The Bing AI chatbot is now open to everyone
Microsoft has removed Bing's AI waitlist and is now using Chat GPT-4
It seems that Microsoft has removed the waitlist from its new AI Bing chatbot, letting anyone with a Microsoft account test out the generative search tool instantly.
Head over to the Bing chatbot homepage, hit the big “join the waitlist” button, and you’ll be automatically granted access – no wait required. After seeing a welcome message that reads “You’re in! Welcome to the new Bing!”, you can use the chatbot through Microsoft Edge.
➡️ The Shortcut Skinny: Bing AI chatbot
🎵 Microsoft has seemingly removed the waitlist for its Bing AI chatbot
🎻 You can now sign up for and use the AI immediately
💪 Users previously had to wait to be granted access
🎹 Expect Microsoft to announce more AI tools later today
Windows Central first spotted the inconspicuous change, and we’ve confirmed it ourselves with a test.
While people have been flocking to Bing’s AI chatbot since its announcement last month, users previously had to put their name down on a waitlist before Microsoft unlocked the chatbot for their account. It’s been tinkering around with the tool since release, adding a shortcut to the chatbot directly to the Windows 11 taskbar and adjusting its tone to sound less snarky.
Speaking to The Verge, Microsoft communications director Cailin Roulston said: “During this preview period, we are running various tests which may accelerate access to the new Bing for some users.
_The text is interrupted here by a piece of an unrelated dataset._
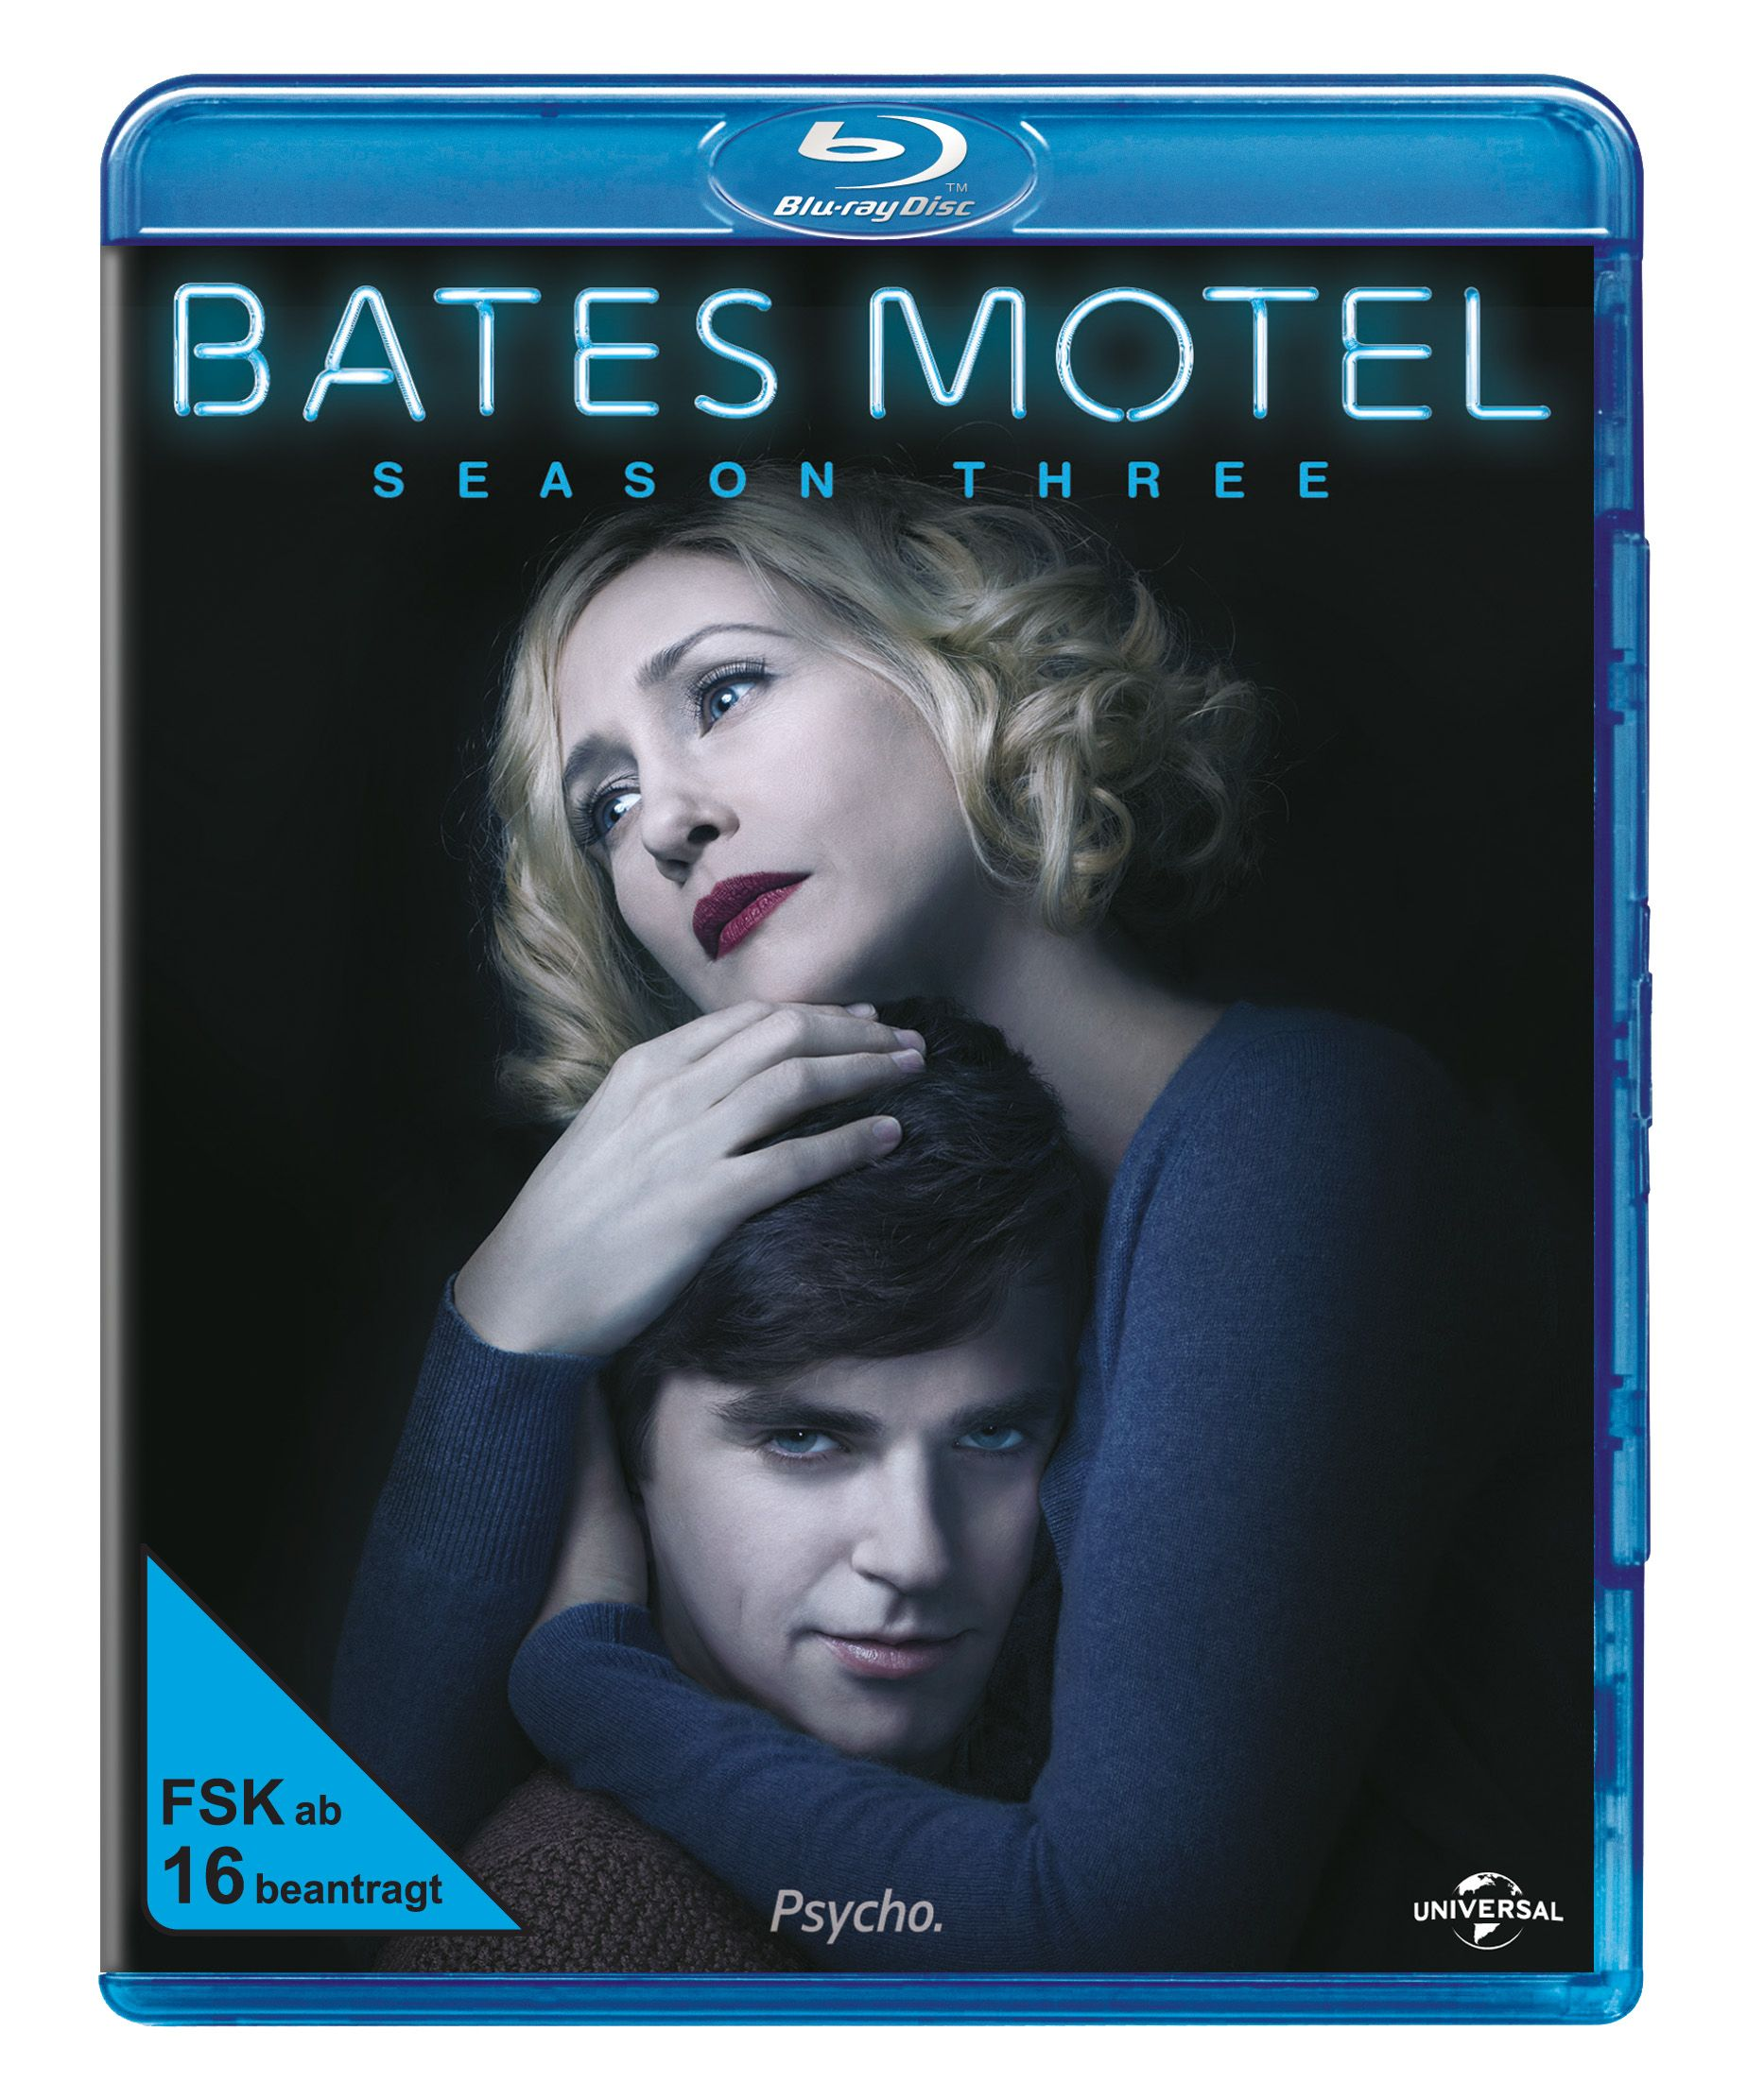 BATES MOTEL - Staffel 3 DVD Box - http://filmfreak.org/bates-motel-staffel-3-dvd-box/

We remain in preview and you can sign up at Bing.com.”
Microsoft is scheduled to hold a virtual event later today to discuss its future plans for AI tech. The company has already announced it’s bringing more AI-powered tools to Microsoft Teams and announced a billion-dollar investment in artificial intelligence researcher OpenAI at the beginning of the year, so expectations are set high.
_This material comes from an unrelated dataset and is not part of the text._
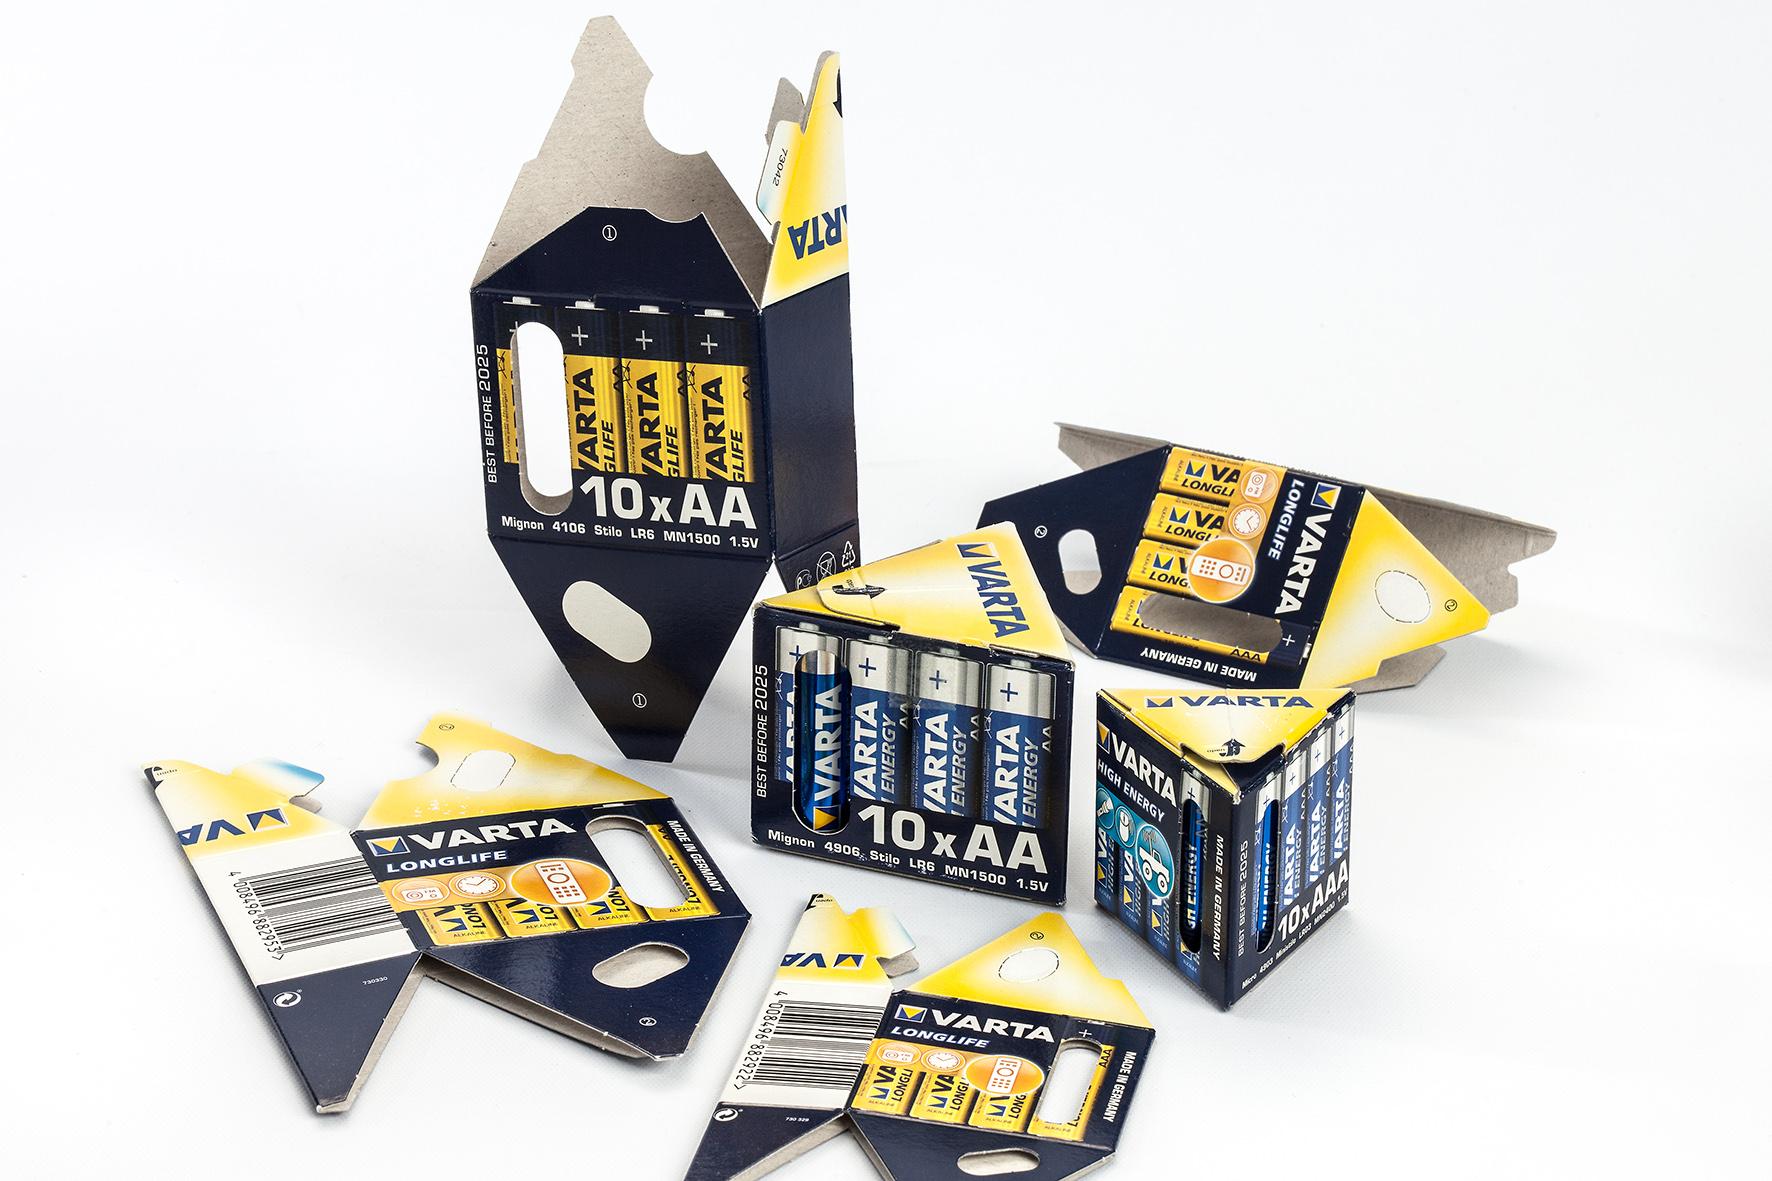 carton-award-image 129441

It’s possible Microsoft will unveil plans to bring generative AI tools and chatbots to its Office apps, including Word, Excel and PowerPoint. Google has just revealed several new AI-powered features for Doc, Gmail and Drive, and the two companies have locked themselves in something of an AI race over the past couple of months, as Google launched its AI chatbot Bard to go head-to-head with Microsoft’s Bing.
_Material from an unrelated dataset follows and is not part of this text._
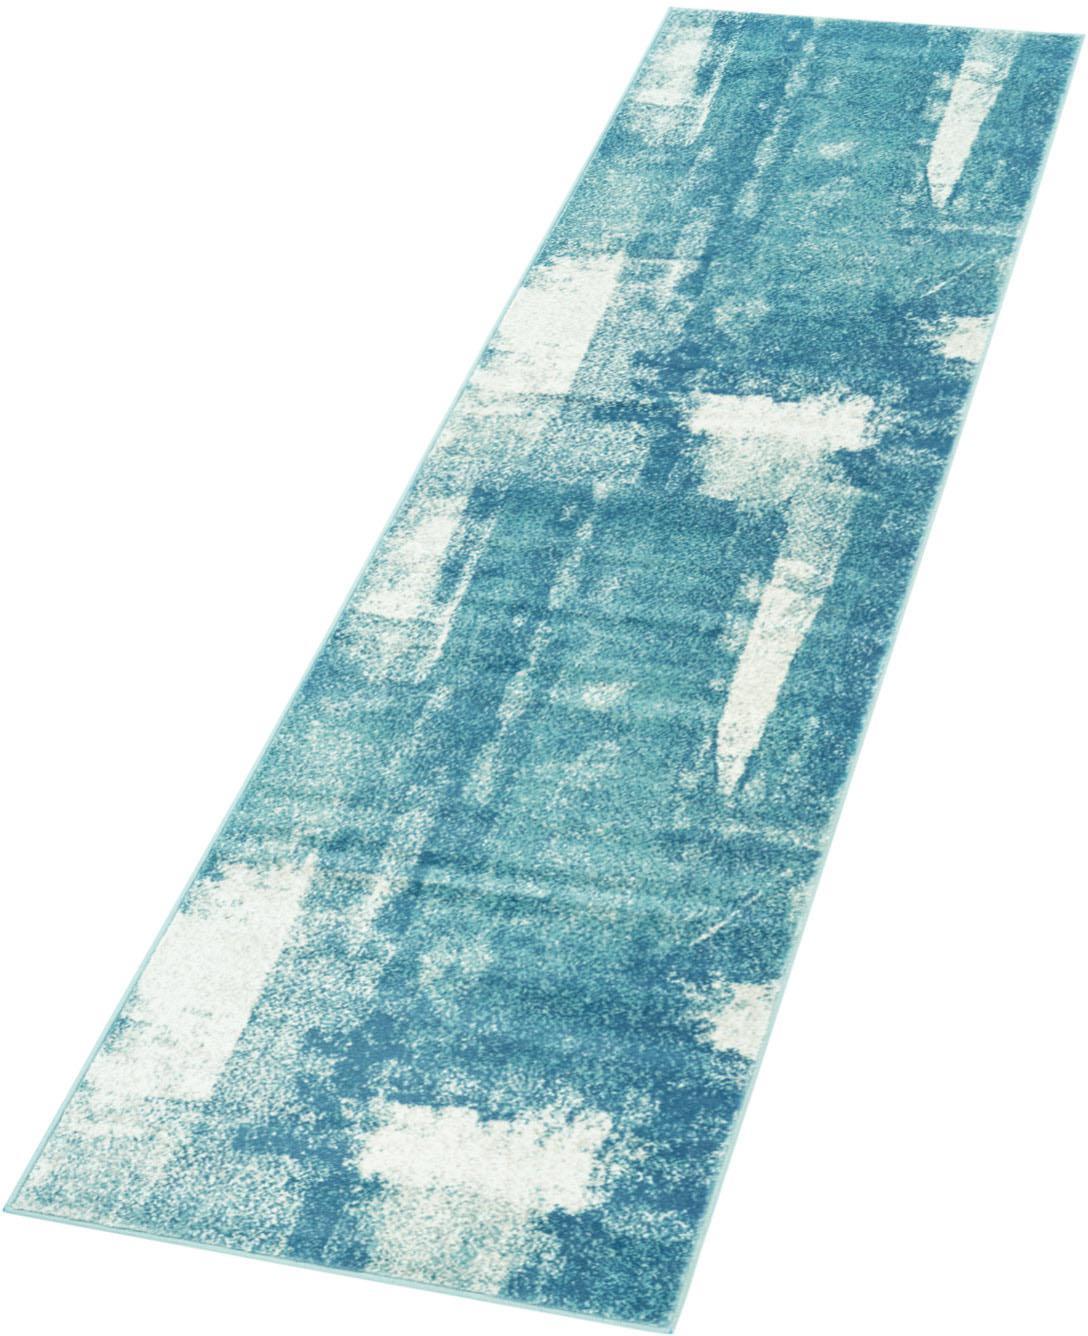 Läufer Inspiration 5784 Carpet City rechteckig Höhe 11 mm maschinell zusammengesetzt

It will be interesting to see how Microsoft tries to supplement the existing Office apps suite with AI tech. Given the problems the Bing chatbot first exhibited, I’d be hesitant to rely on the tech for professional use. If nothing else, it may give us a glimpse into how the tech giants of today will push AI in the future, even if the current artificial intelligence models aren’t robust enough yet.